Clear Perspectives - Volume 1 Issue 1
   An unresolved dilemma - involuntary movements in never-treated schizophrenia
    by Dr Robin McCreadie

Does dyskinesia occur in treatment-naive patients?
In 1919, Kraepelin5 wrote the following on Dementia Praecox:

“The spasmodic phenomena in the musculature of the face and of speech, which often appear are extremely peculiar disorders.  Some of them resemble movements of expression, wrinkling of the forehead, distortion of the corners of the mouth, irregular movements of the tongue and lips, twisting of the eyes, opening them wide, and shutting them tight, in short, those movements which we bring together under the name of making faces or grimacing; they remind one of the corresponding disorders of choreic patients.  The outspread fingers often show fine tremor.  Several patients continually carried out peculiar sprawling irregular choreiform, outspreading movements, which I think I can best characterize by the expression ‘athetoid ataxia’.”

If this had been written today, most would agree that it is a good description of tardive dyskinesia.

Kraeplin omitted to give the age of his patients, or the length of their illness.  A more contemporary study6, conducted at Shenley Hospital in the UK, studied 52 patients (mean age 68 years) who had never received antipsychotics.  Nevertheless, just over half of them (52%) had movement disorders.  Of these, six showed disorders of gait; 18 of the face; nine of the upper limbs; nine of the trunk, and ten of the lower limbs.  These findings were not supported by Chorfi and Moussaoui7. In their study of 50 patients who had never been treated, none was found to have dyskinesia (using the abnormal involuntary movements (AIMS) scale).  However, this study involved a much younger population (mean age 24 years) with a mean length of illness of 11 months.

When McCreadie and Ohaeri8 looked at a middle aged group of patients we again found no dyskinesia in 12 never-medicated patients. Thus we have two groups of studies, one suggesting the possibility of dyskinesia in the absence of medication, the other refuting this suggestion.  It should be noted, however, that  the studies that find abnormal movements tend to include severely ill and institutionalized patients.

The Madras study
The Madras study9 was therefore established to examine elderly (>50 years) never-medicated patients in a wide variety of community settings.  Four groups were chosen:  never-medicated patients; medicated patients; first-degree blood relatives; and normal subjects.  The project was carried out in Madras, India, where the average life expectancy is 56 years.

Three hundred and eight people participated in the study: 101 normal subjects, 103 relatives,
83 medicated patients and 21 never-medicated patients. Movement disorders were assessed using standard scales: for dyskinesia, AIMS and Schooler and Kane criteria; for parkinsonism, the Simpson and Angus scale (score >0.3); and for akathisia, the Barnes akathisia scale (score of 2 or more on the global scale).

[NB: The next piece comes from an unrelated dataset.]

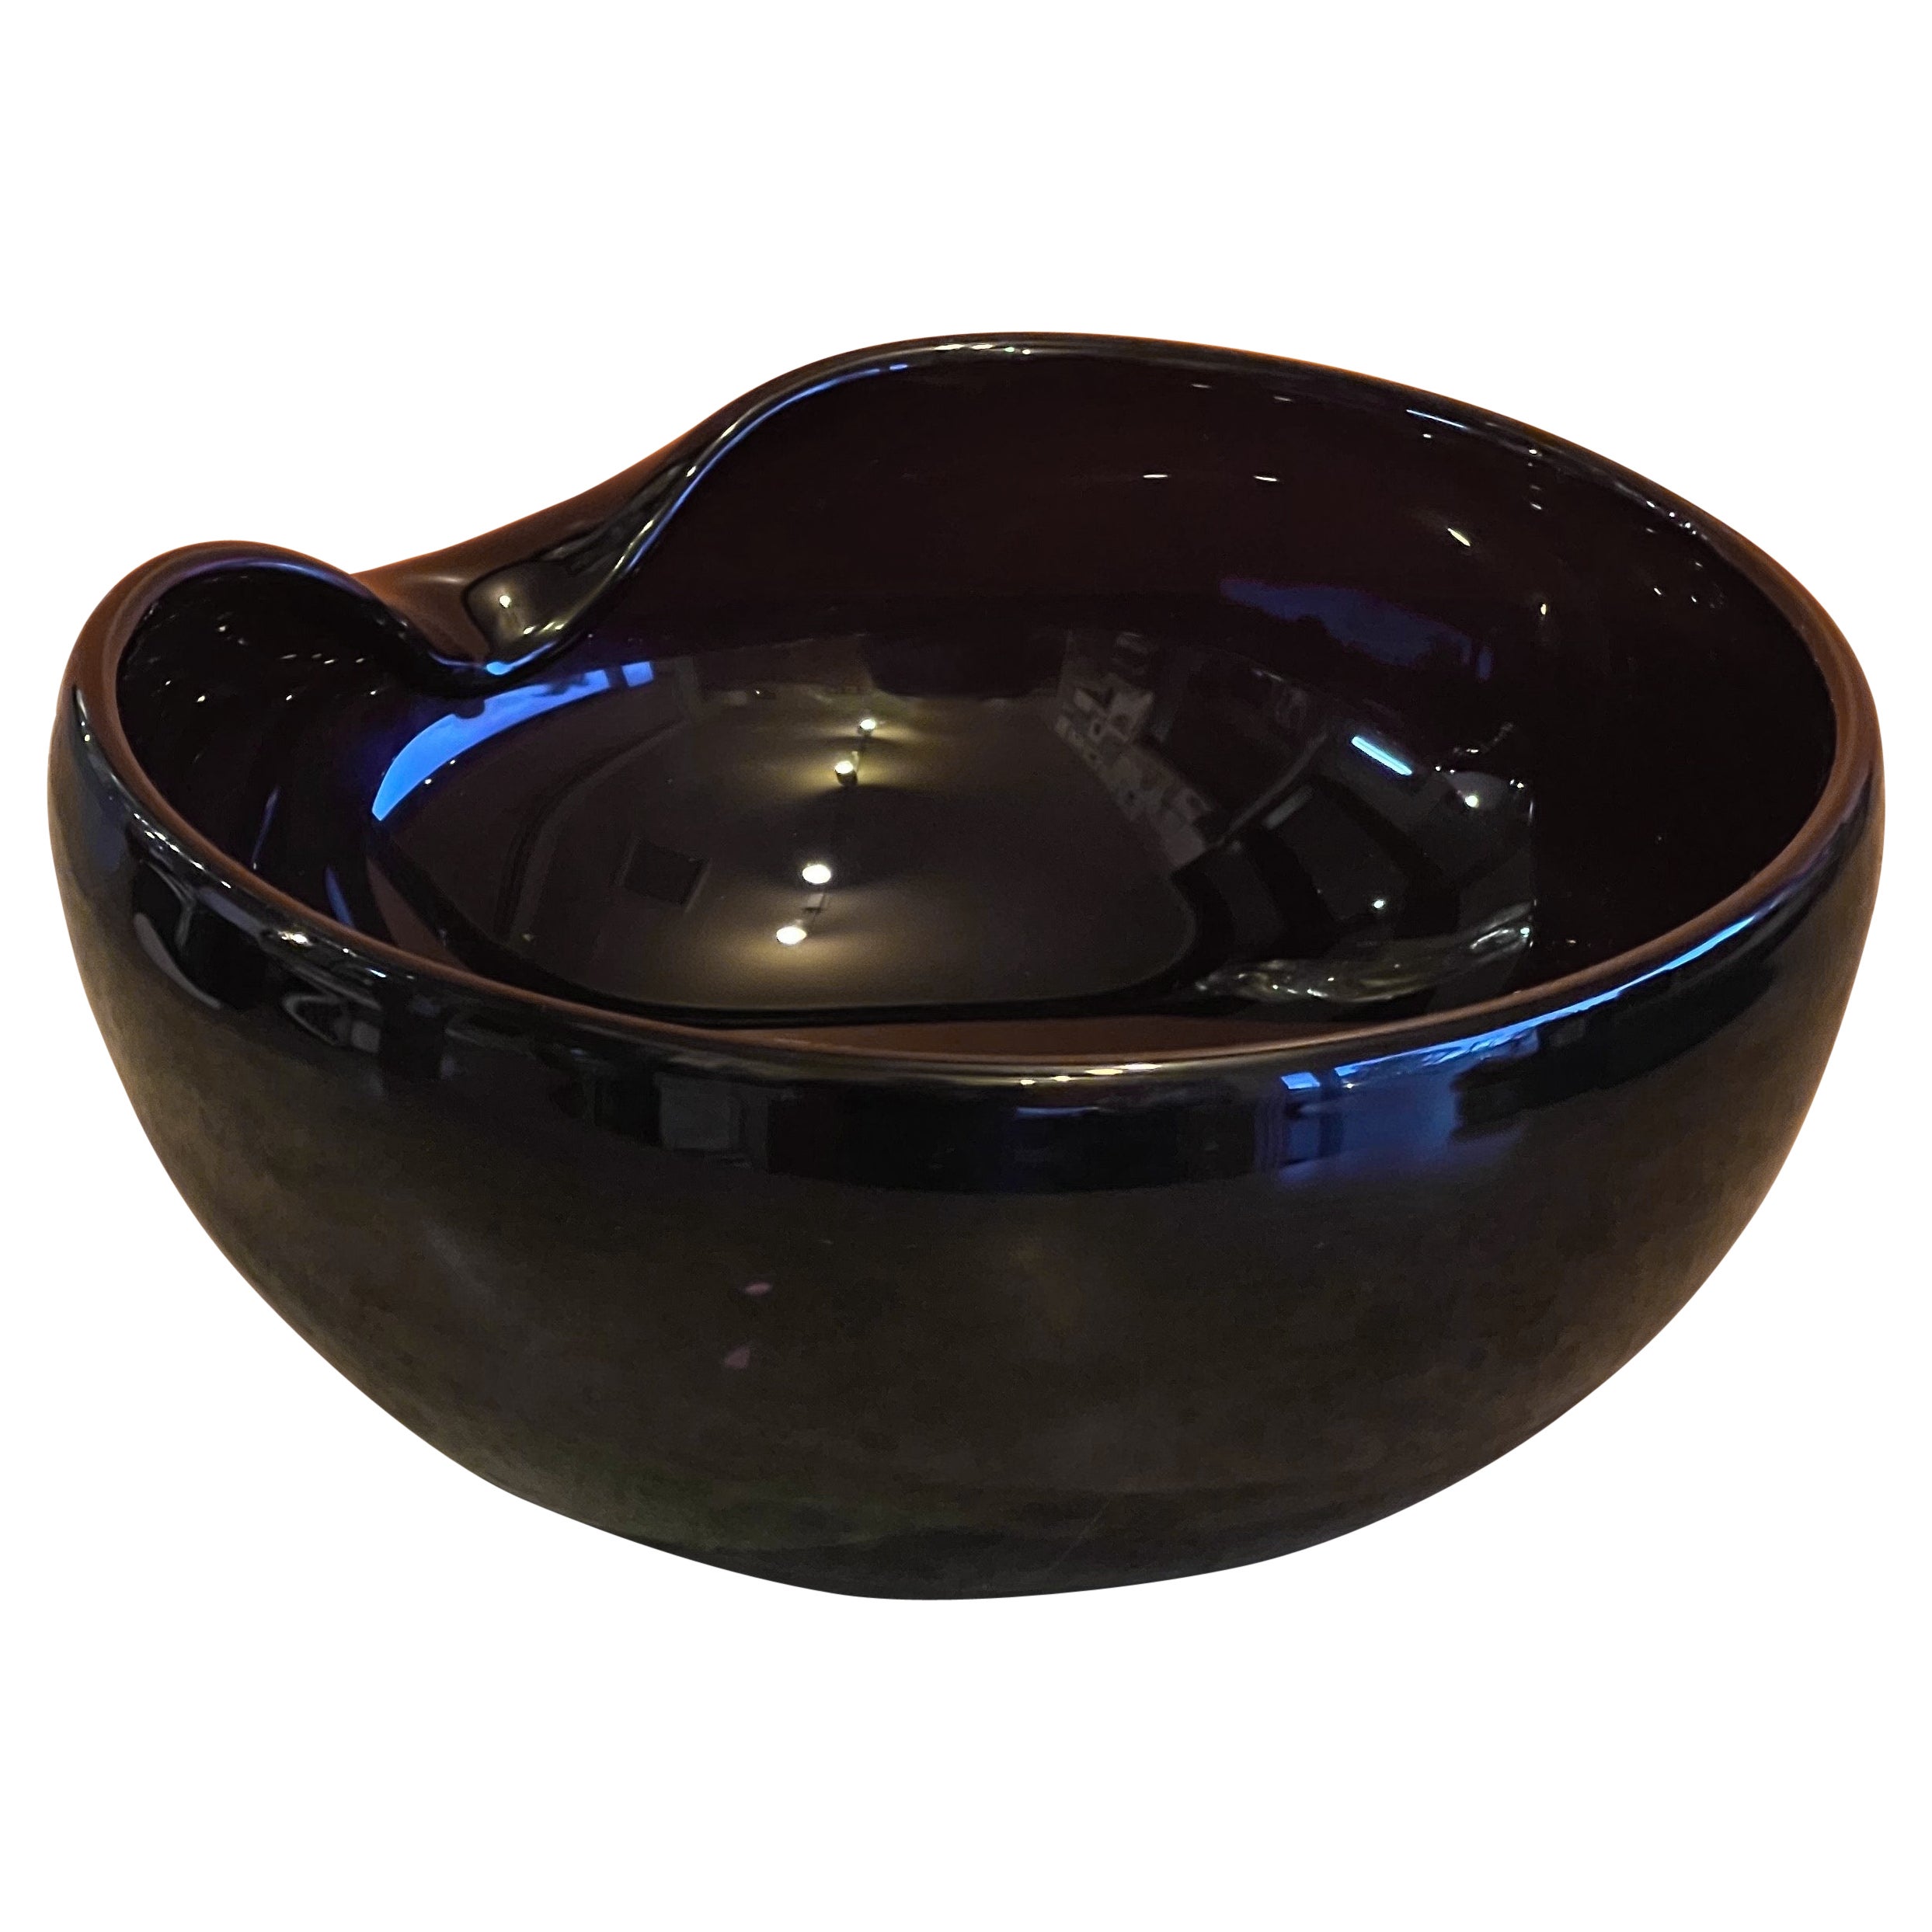 Black Thumbprint Art Glass Centerpiece Bowl by Elsa Peretti for Tiffany and Co.

The results obtained are shown in Table 3.
 
 Patient group
 Normals
 Relatives
 Medicated
 Never-medicated
 Prevalence of dyskinesia (%)
 15
 15
 41
 38
Table 3. Prevalences of dyskinesias in four patient groups, according to Schooler and Kane criteria10.

The prevalence and severity of dyskinesia were found to be almost the same in medicated and never-medicated patients.  Dyskinesia was associated with negative symptoms and was attributed to part of the illness in elderly schizophrenic patients.  From the results of these studies, it seems that antipsychotic medication alone does not produce tardive dyskinesia, but brings forward in time a phenomenon that eventually shows itself.